══ Input data
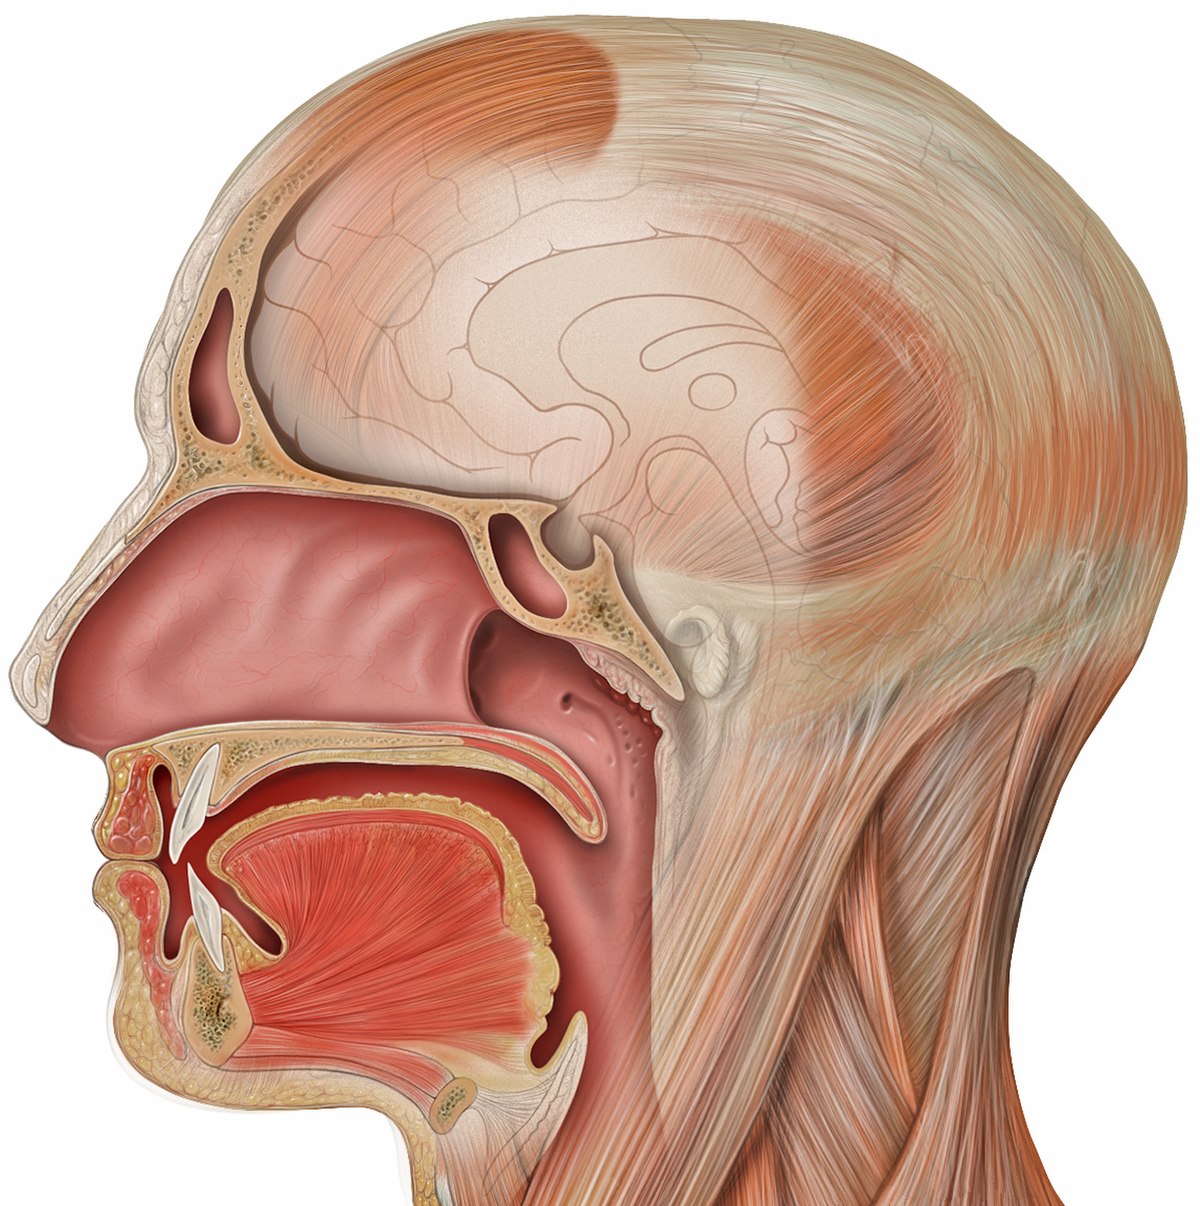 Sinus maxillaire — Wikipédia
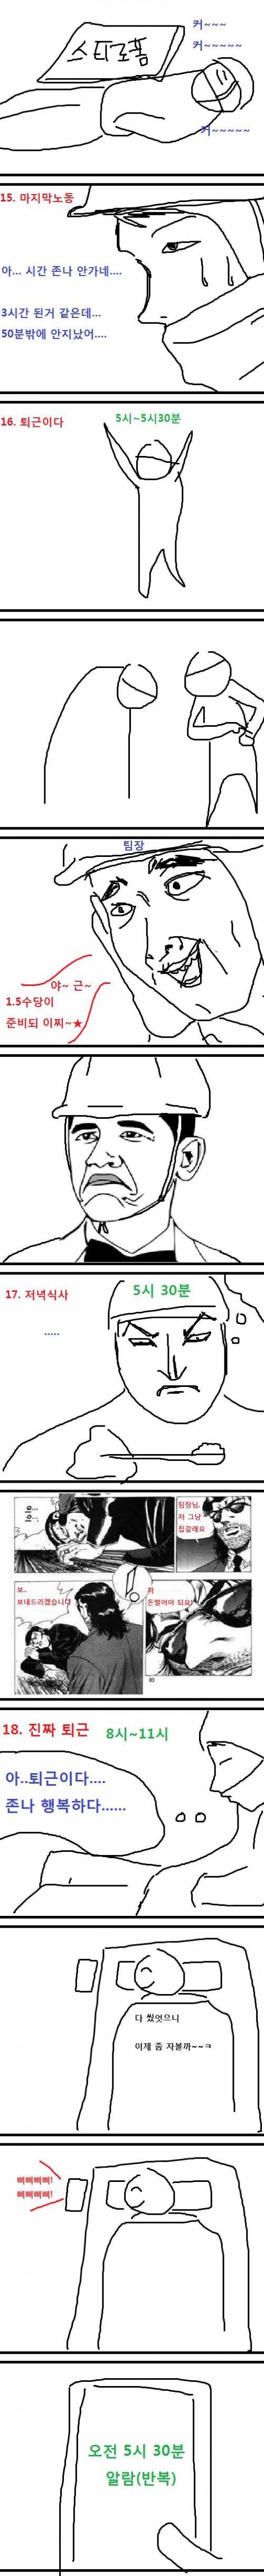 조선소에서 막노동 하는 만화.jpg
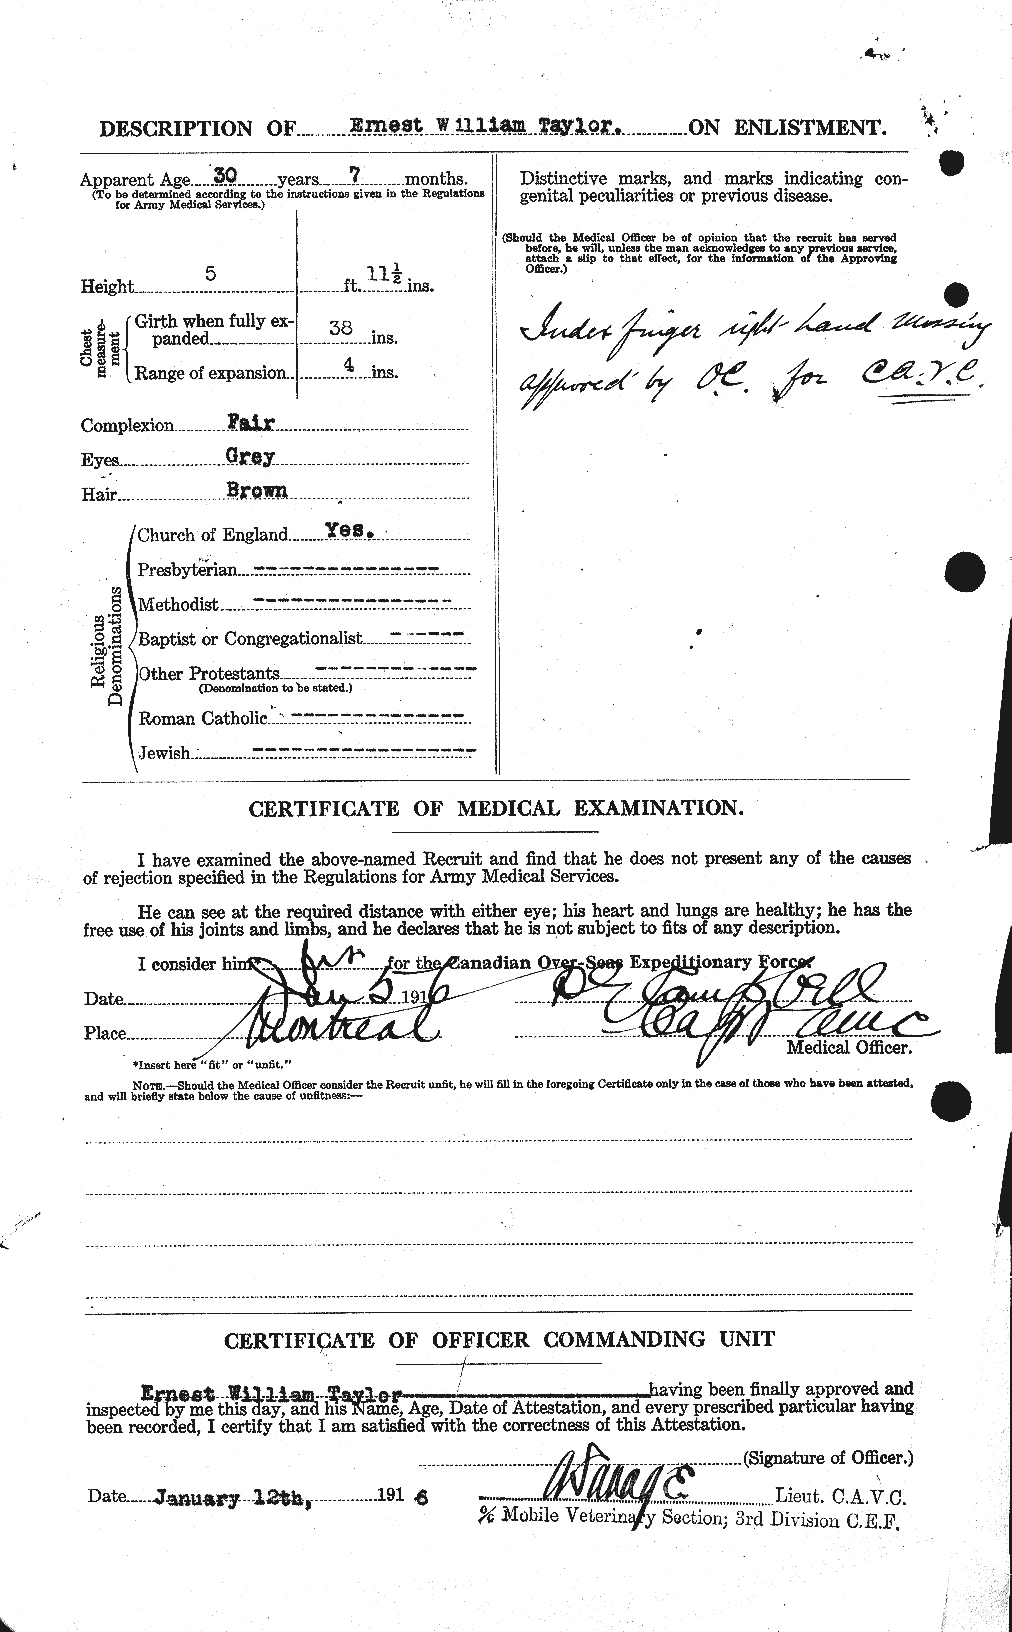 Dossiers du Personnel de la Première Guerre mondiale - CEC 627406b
════
══ Input data
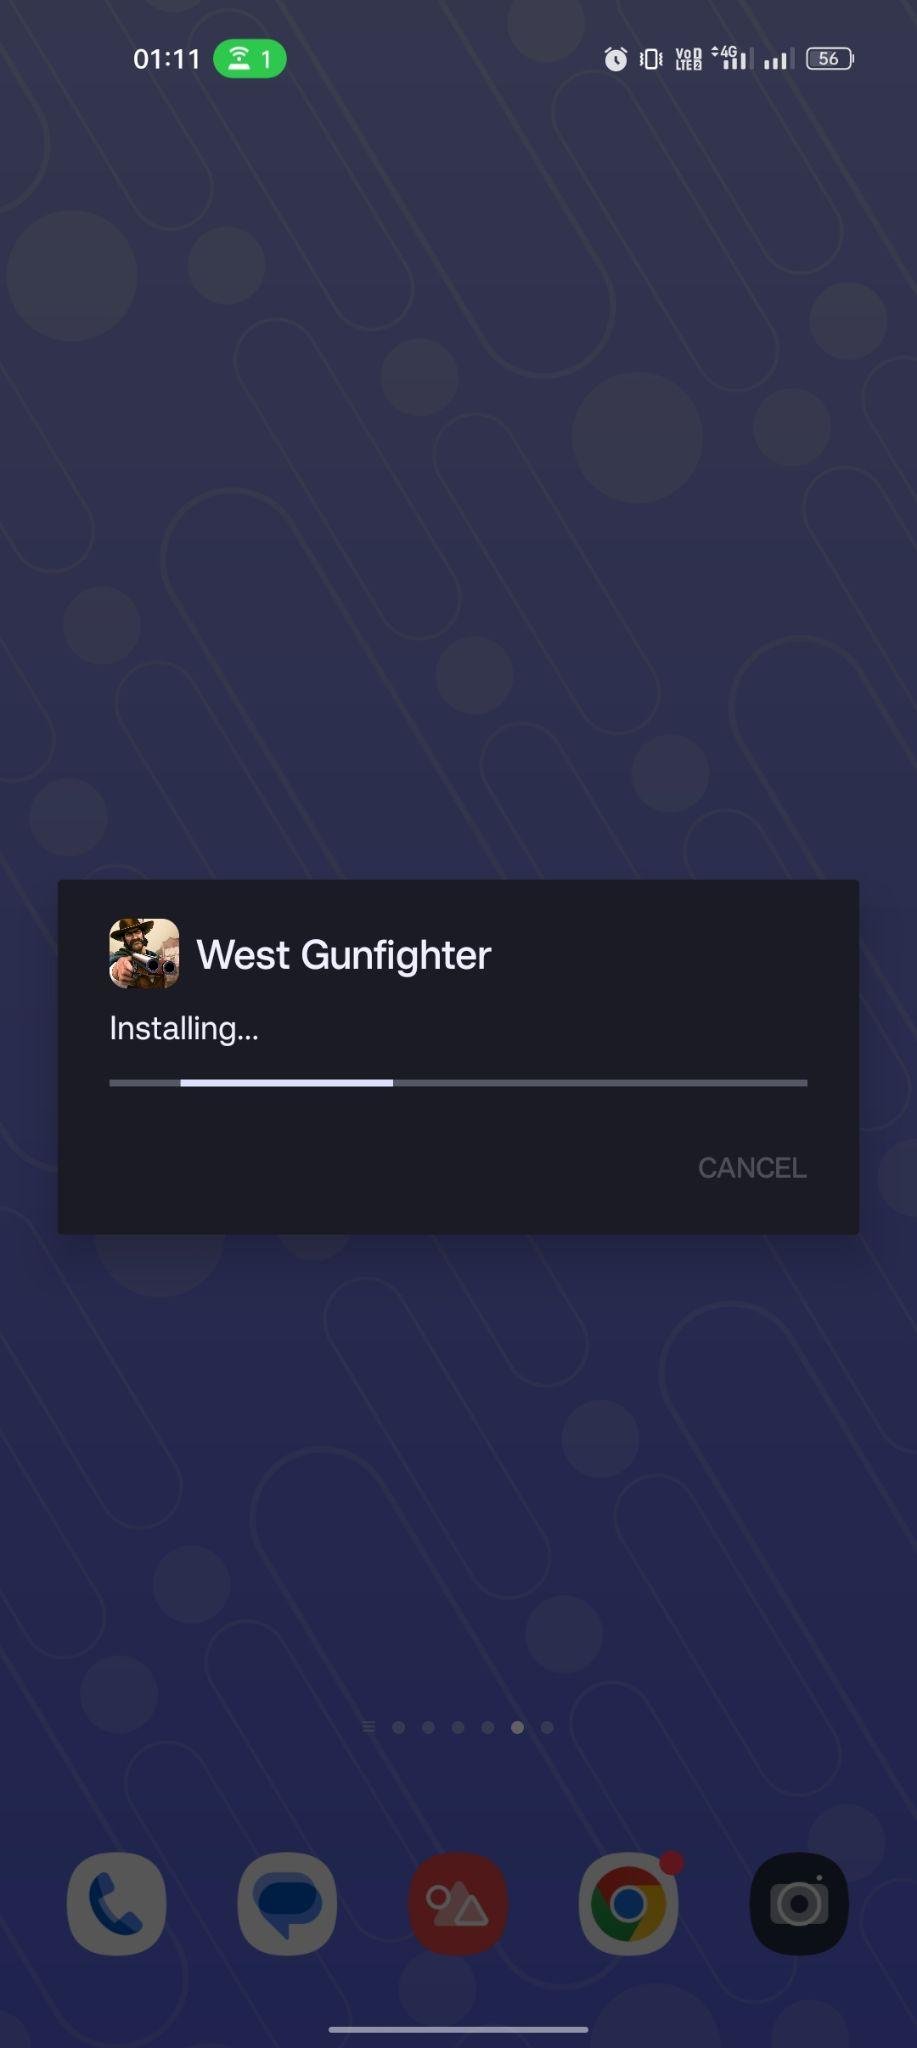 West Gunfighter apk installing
════
══ Input data
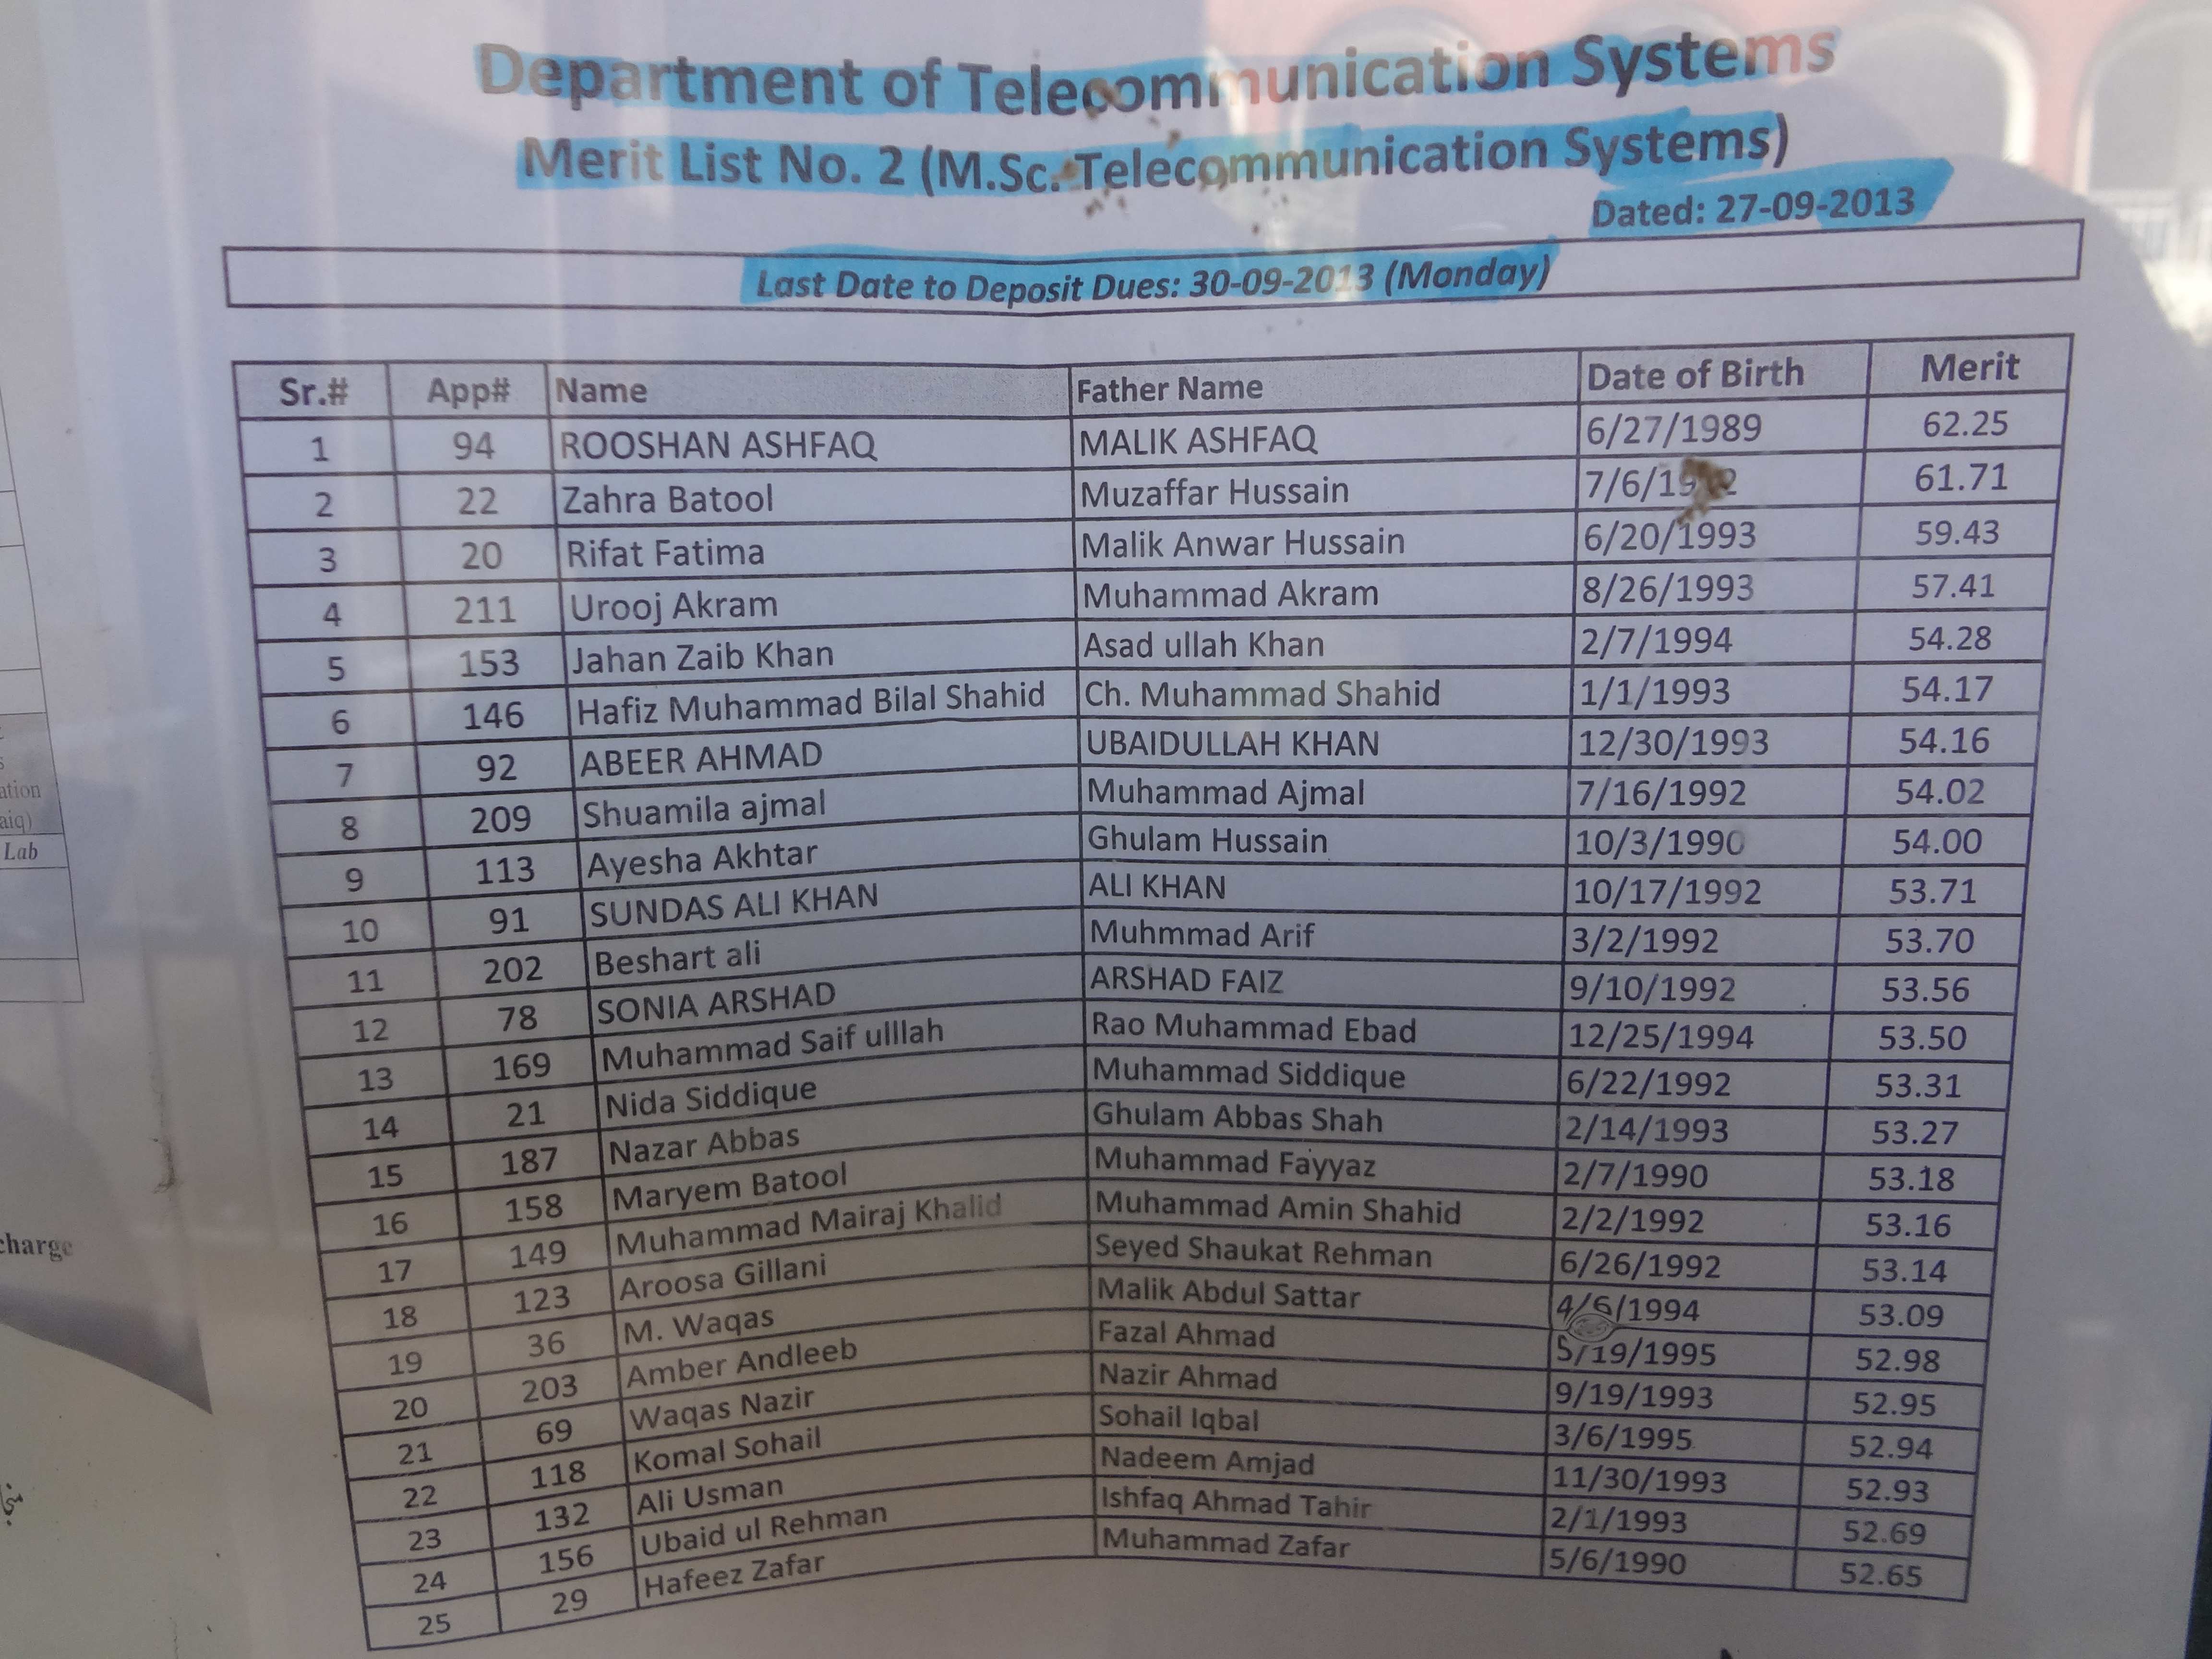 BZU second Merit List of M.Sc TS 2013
════
- [Your instructions]: In the material above, the stretch from the line with "Sinus maxillaire — Wikipédia" through the line with "Dossiers du Personnel" is to be given again exactly, minus the pictures.

- [Solution]:
 Sinus maxillaire — Wikipédia
 조선소에서 막노동 하는 만화.jpg
 Dossiers du Personnel de la Première Guerre mondiale - CEC 627406b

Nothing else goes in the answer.